Они наконец вошли в спокойную воду бухты, миновали выстроившиеся в ряд большие шхуны на фоне крутого холма, освещенные солнцем форты старинной крепости. Она вернулась в их тесную каюту, чтобы поднять с койки Тони и закрыть собранные чемоданы. Он все еще был ужасно слаб, и у него кружилась голова. Она помогла ему спуститься по трапу.
На обветшавшей пристани было полно людей с черными, как бусинки, глазами, в белой или коричнево-желтой одежде. Все они суетились, громко и невнятно тараторили. Казалось, что все они собрались здесь, чтобы встретить Тони. Старушки в наброшенных шалях, прыщавые молодые люди в соломенных шляпах, какой-то старик с белыми, кустистыми седыми усами, в панаме. Детишки с темными кругами под глазами путались у всех под ногами. На всех желтая или цвета кофе одежда, у всех черные глаза, одна седая старуха негритянка в розовом платье. Все они громко кричали, взмахивали руками, целовали и крепко обнимали Тони. А на Марго никто не обращал никакого внимания. Вдруг все старухи сгрудились вокруг нее, принялись и ее целовать, разглядывать в упор, что-то кричать по-испански, указывая на ее волосы и на глаза, и она чувствовала себя ужасно глупо, так как ничего не понимала, ни единого слова, и только спрашивала у Тони, где его мать, но Тони, ошеломленный встречей, забыл свой английский. Наконец, он все же ткнул пальцем в дородную старуху в шали и сказал, что это его мама, и Марго с удовлетворением отметила, что она не цветная.
«Если вот это самый красивый их жилой район, – подумала Марго, когда все они гурьбой вышли на улицу, пропитанную запахами подгоревшего масла, и после довольно долгой поездки на трамвае по шумным улицам, вдоль рядов покрытых пылью домов, фургонов, повозок, запряженных мулами, и свернули в раскаленный солнцем переулок, покрытый булыжной мостовой, – то в таком случае я богатая наследница с миллионом долларов в кармане».

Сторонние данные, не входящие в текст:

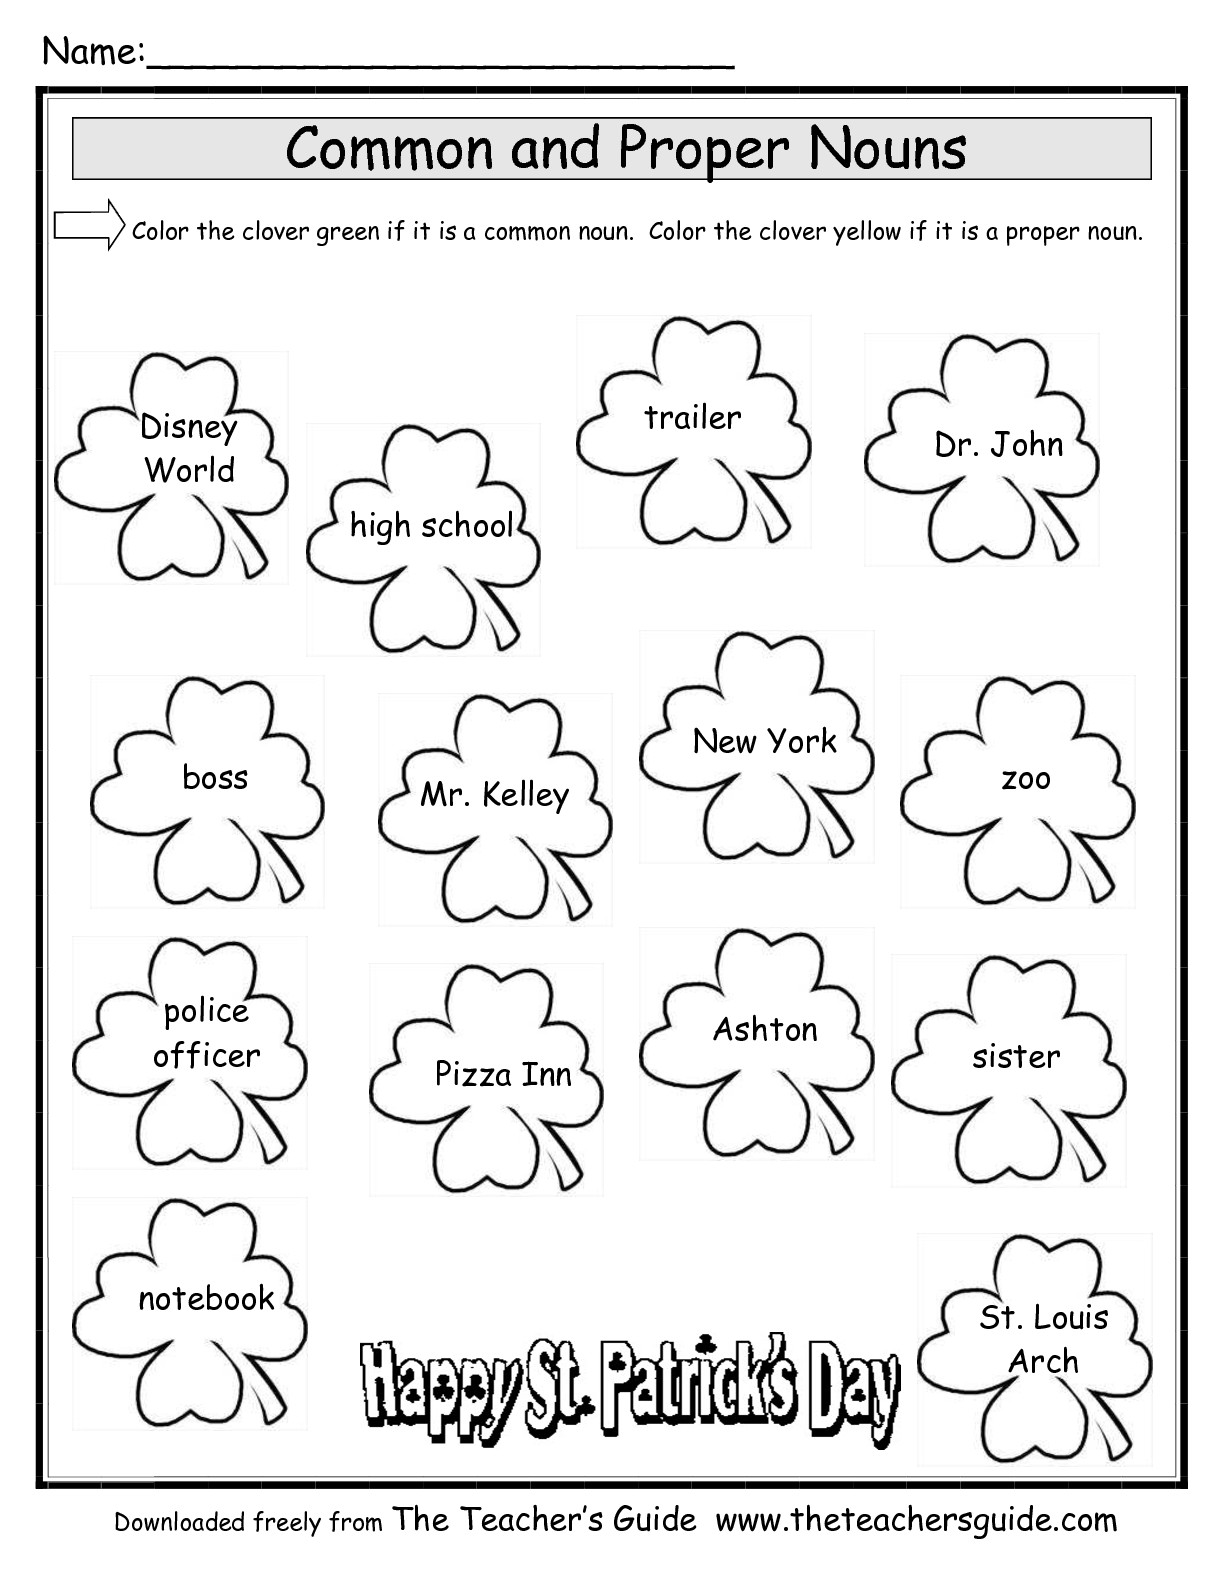 common-and-proper-nouns-printable-worksheets-for-grade-2-kidpid

Они вошли под высокую арку в ветхой облупившейся оштукатуренной розовой стене с узкими решетчатыми окошками до самого тротуара, в маленький дворик, а из него в прохладный зловонный патио с плетеными стульями и растениями в горшках. Попугаи в клетке завопили в знак приветствия, а маленькая лохматая белая собачонка облаяла Марго. Старуха, которую Тони назвал своей мамой, подошла к ней, и, обняв за плечи, тараторила без умолку по-испански. Марго стояла, переминаясь с ноги на ногу. В патио толпились соседи, не спуская с нее любопытных, как у обезьянок, глаз.
– Послушай, Тони, разве трудно тебе перевести, что она мне говорит? – зло проворчала Марго.
– Мама говорит, что это твой дом и она рада тебя здесь видеть. Добро пожаловать! А теперь скажи ей «мучас грасиас, мама»!
Но Марго ничего не сумела вымолвить. К горлу подкатил комок, и она вдруг заплакала.
Слезы вновь полились у нее, когда она увидала свою комнату – большой темный альков с порванными вышитыми шторами. Большая железная кровать с пятнами ржавчины, покрытая большим желтым стеганым одеялом. Слезы сразу высохли, и она захихикала, когда увидела, что из-под большой кровати выглядывает ночной горшок с нарисованными на нем крупными розами.
Тони явно был раздражен.
– А теперь веди себя приличнее, – предупредил он ее. – Мои говорят, что ты очень красивая девушка, только дурно воспитана.
– Ах, пошли они все к черту! – огрызнулась Марго.
Все время пребывания в Гаване она жила в этом алькове, с экраном перед стеклянной дверью, ведущей во двор. Тони все время где-то пропадал с приятелями. Он никуда ее с собой не брал. Но хуже всего ей стало, когда она поняла, что беременна и у нее скоро будет ребенок. День за днем она лежала на кровати, уставившись в потрескавшуюся штукатурку потолка, прислушиваясь к режущей перепонки пронзительной болтовне женщин в патио и в вестибюле, к галдежу попугая и лаю маленькой противной собачонки по кличке Кики. Тараканы беспрепятственно бегали по стенам и проедали дырки в одежде, когда она забывала немедленно убрать ее в сундук.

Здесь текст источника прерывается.